The IRS Does Not Send Mail for Fun
Every piece of mail the IRS sends has a purpose. It might be a request for information, a notice of a balance due, a proposed change to your return, or a deadline that will cost you real money if you miss it. None of it is optional reading.
The biggest mistake taxpayers make is tossing IRS mail in a drawer and hoping it goes away. It does not go away. The IRS has a system, and that system escalates. What starts as a polite CP14 balance due notice becomes a CP501, then a CP503, then a CP504 intent to levy, and eventually a levy on your bank account or wages. Every step you ignore makes the next step worse.
Deadlines Are Real and Enforceable
Many IRS letters contain hard deadlines. A statutory notice of deficiency gives you exactly 90 days to file a petition with the Tax Court. Miss that deadline and you lose your right to challenge the IRS in court before paying. A CDP notice gives you 30 days to request a hearing. Miss it and the IRS can levy your assets without further discussion.
These deadlines are not suggestions. They are jurisdictional. That means no judge can extend them. No amount of explaining will fix a missed deadline. The clock starts when the IRS mails the letter, not when you open it.

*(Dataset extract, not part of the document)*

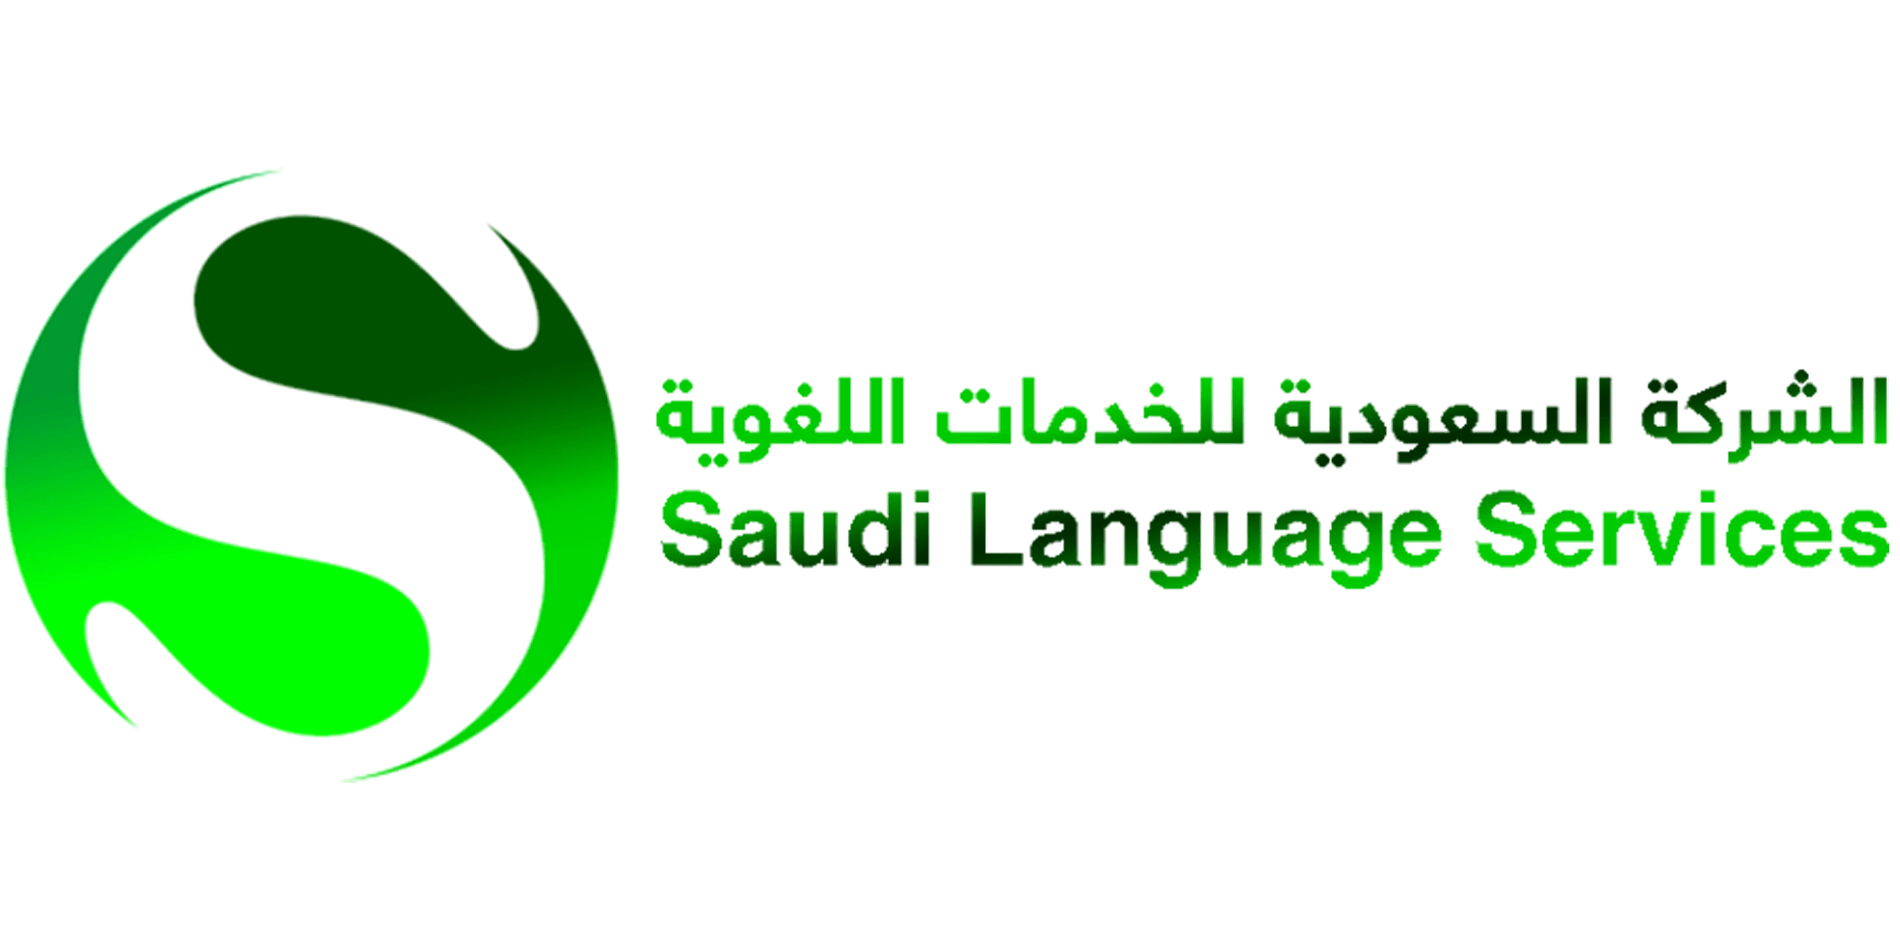 Saudi Language Services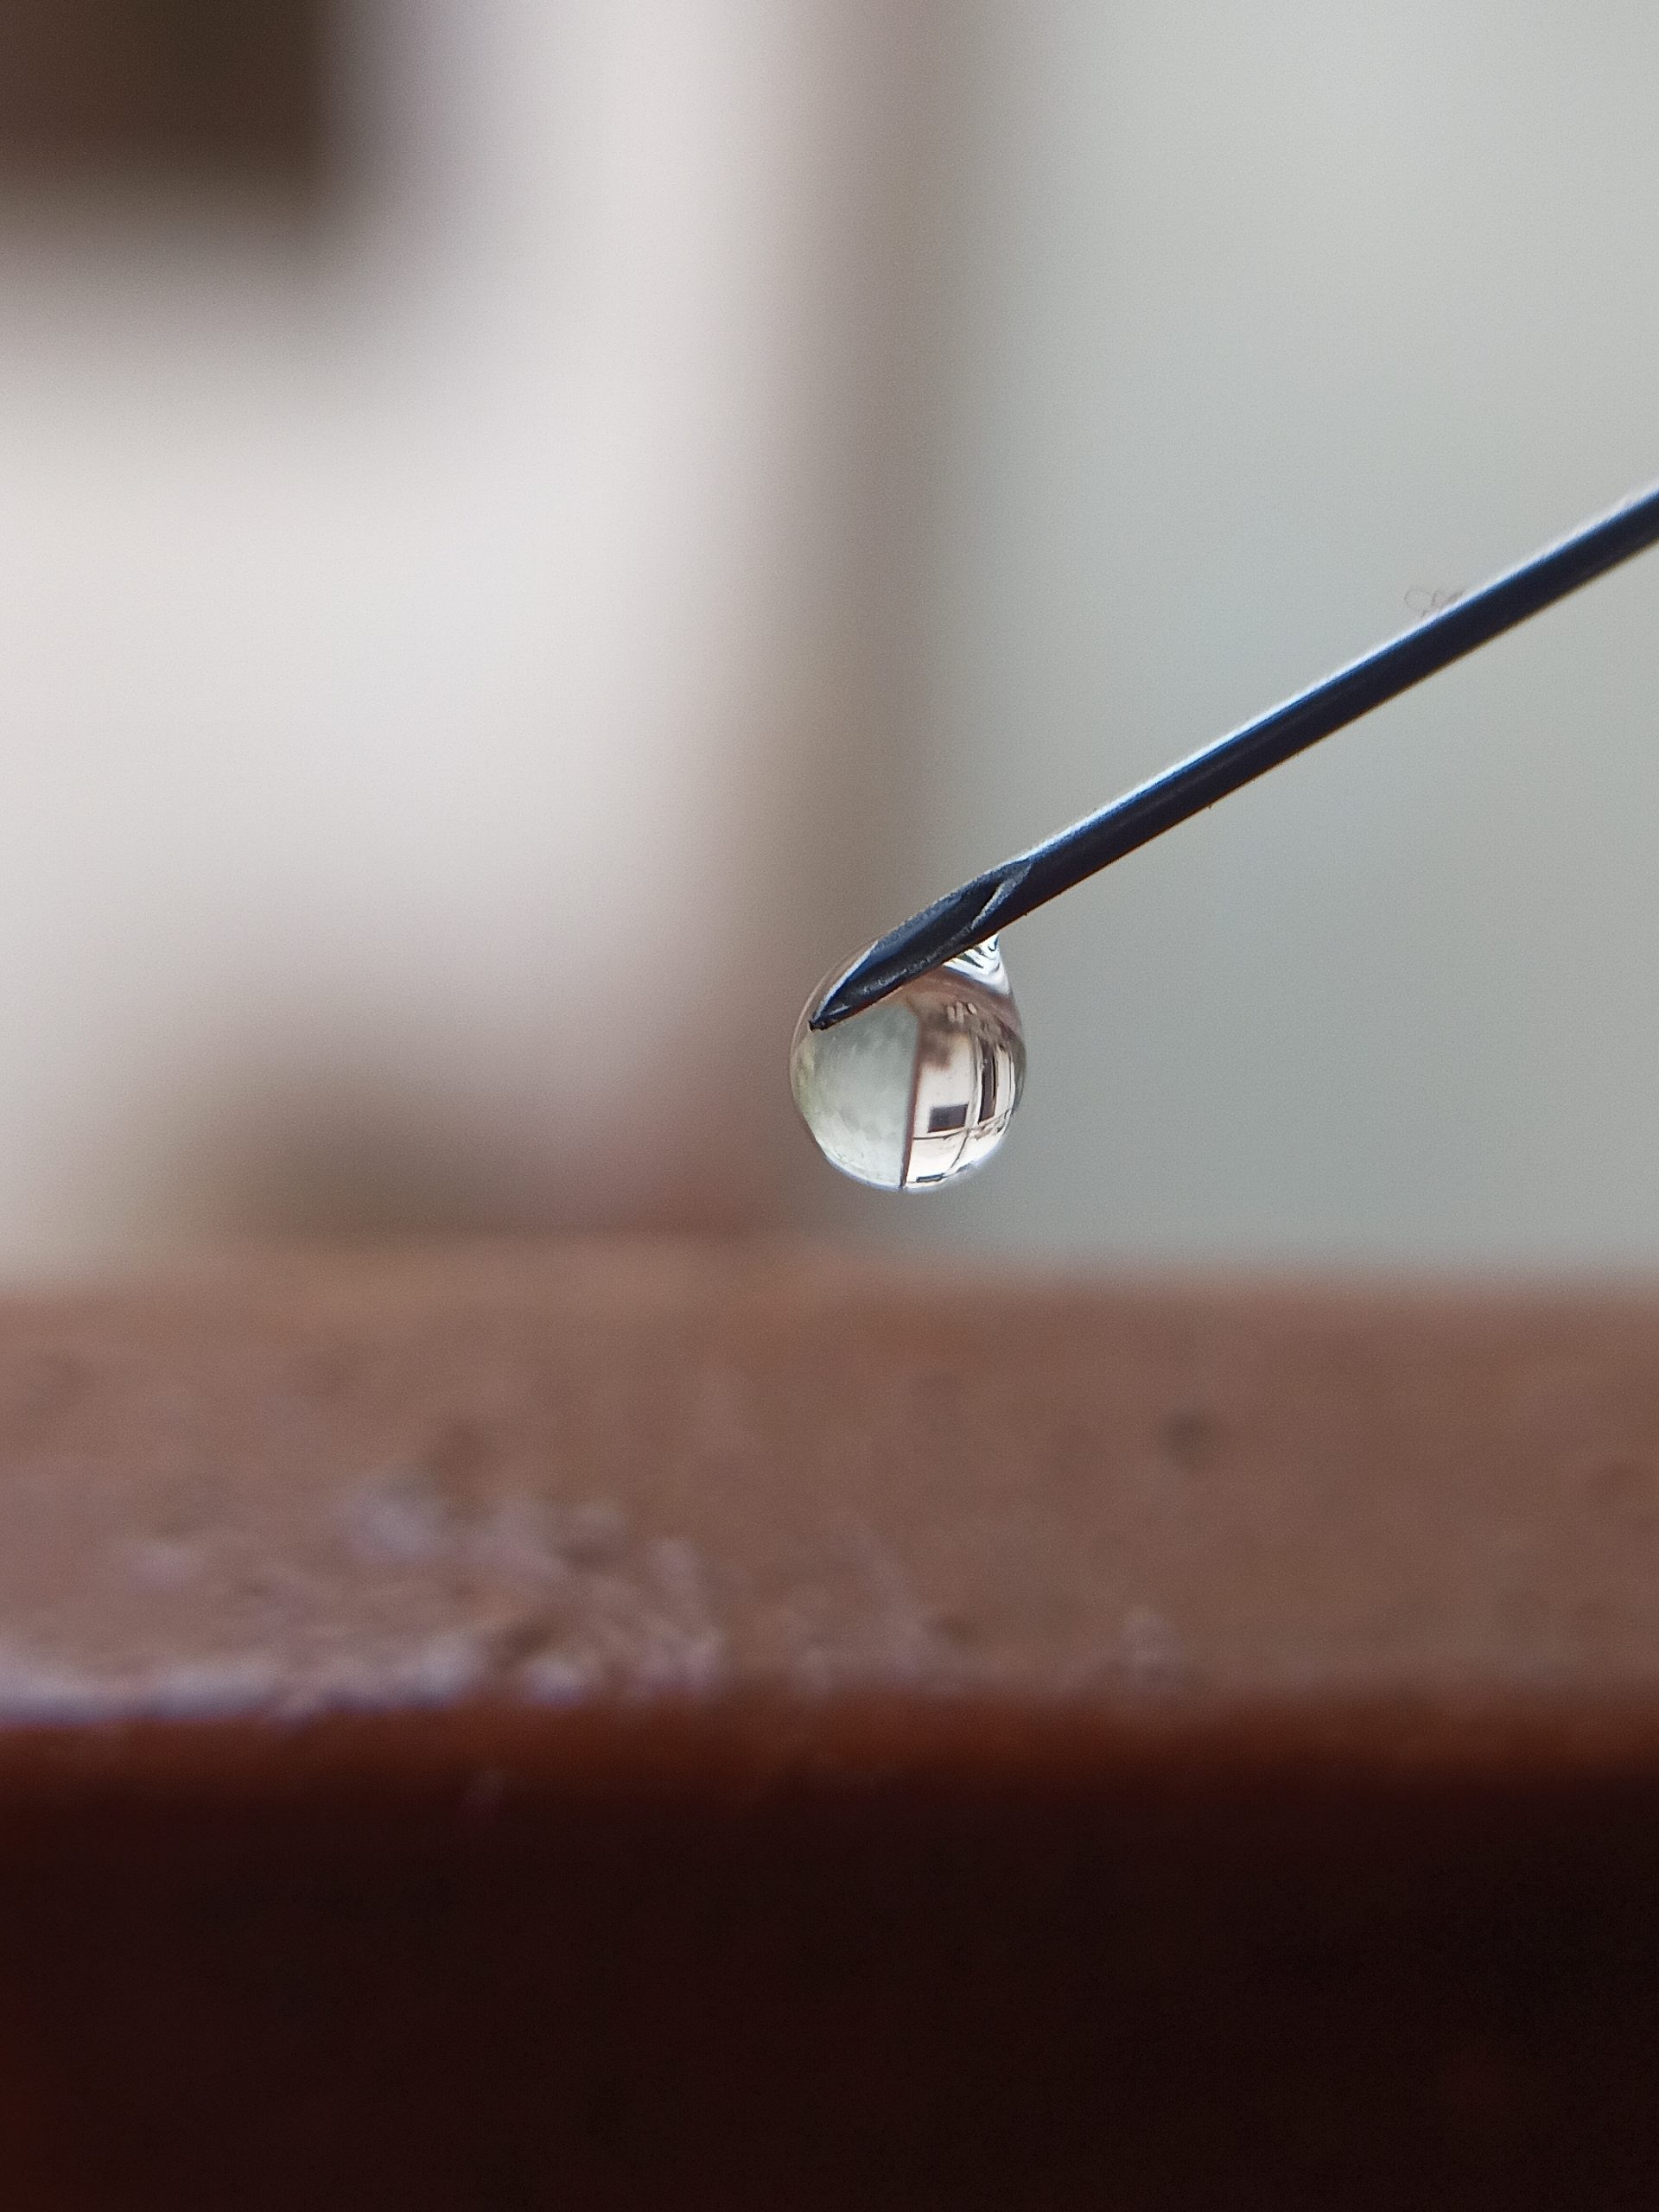 A drop on a needle tip

What Happens When You Ignore IRS Mail
The consequences depend on the type of letter, but none of them are good. Ignore a balance due notice and the IRS adds penalties and interest every single day. Ignore an audit letter and the IRS will make changes to your return without your input, almost always in their favor. Ignore a levy notice and they will take money directly from your bank account or paycheck.

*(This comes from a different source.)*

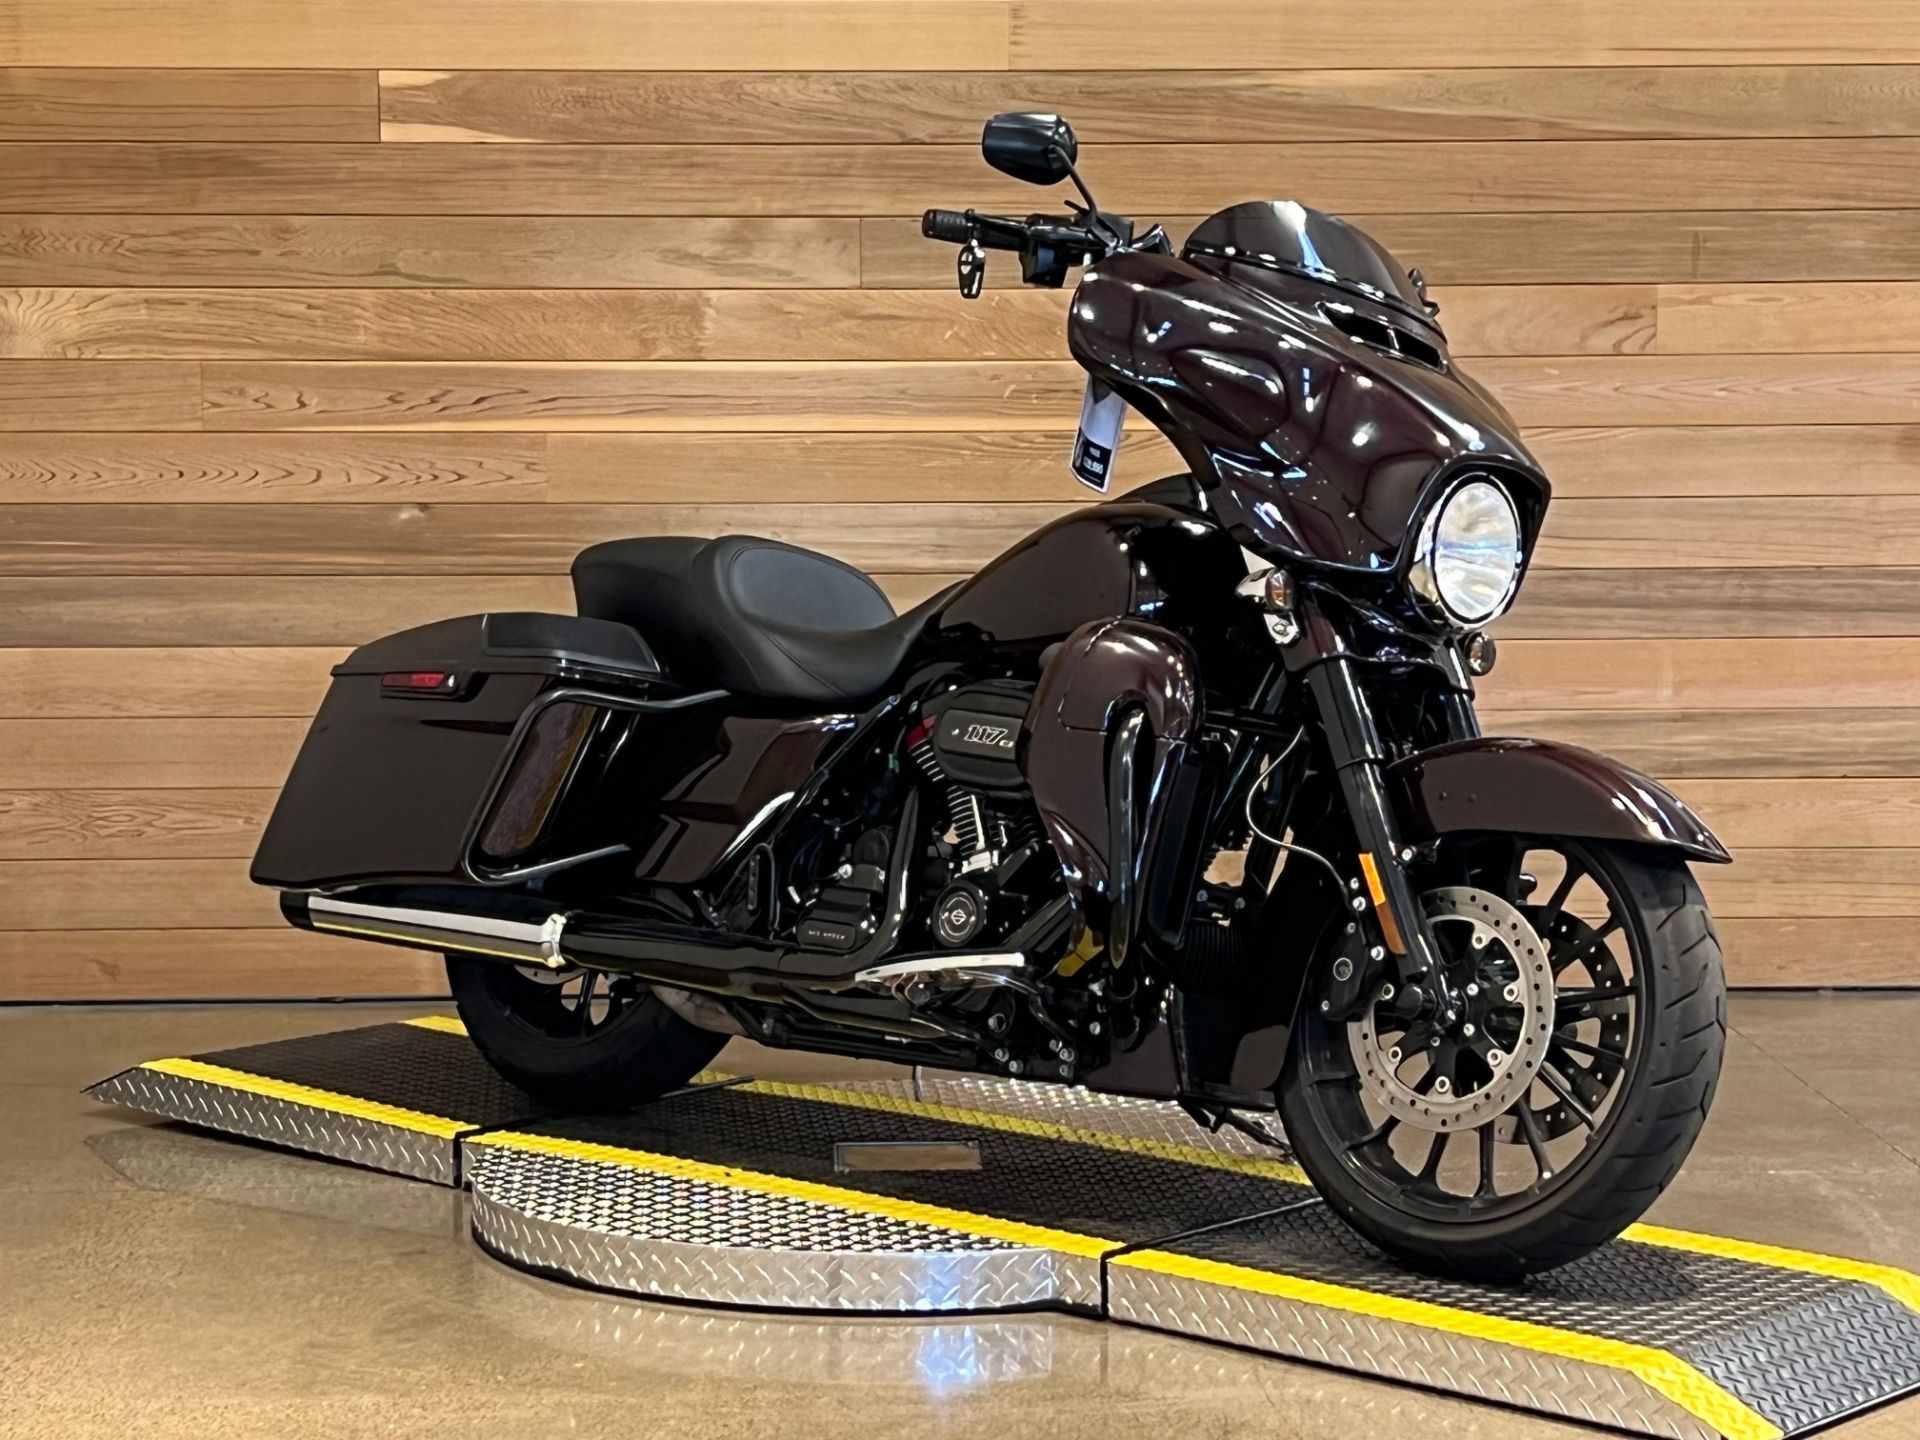 2019 Harley-Davidson CVO™ Street Glide® in Salem, Oregon - Photo 2

The IRS can also file a federal tax lien against your property, revoke your passport if you owe more than a certain threshold, and refer your case to a revenue officer who will show up at your door or your place of business.
What You Should Do Instead
Open every piece of IRS mail immediately. Read it carefully. Identify the letter or notice number in the upper right corner. Look for any deadlines. If you do not understand what the letter means or what to do, call a tax professional. Do not call the IRS directly unless you know exactly what you are doing. Anything you say on that call is on the record and can be used against you.
Keep every piece of IRS correspondence. File it by year and type. You will need it if you ever have to prove what the IRS told you and when.
The single most expensive mistake in tax resolution is ignoring IRS mail. Every day you wait costs you money in penalties and interest, and potentially costs you legal rights you can never get back.
The Bottom Line
IRS mail is not something that resolves itself. Every letter is either asking you to do something or telling you something has been done to your account. Either way, you need to know about it and you need to respond appropriately. The sooner you deal with it, the more options you have and the less it will cost you.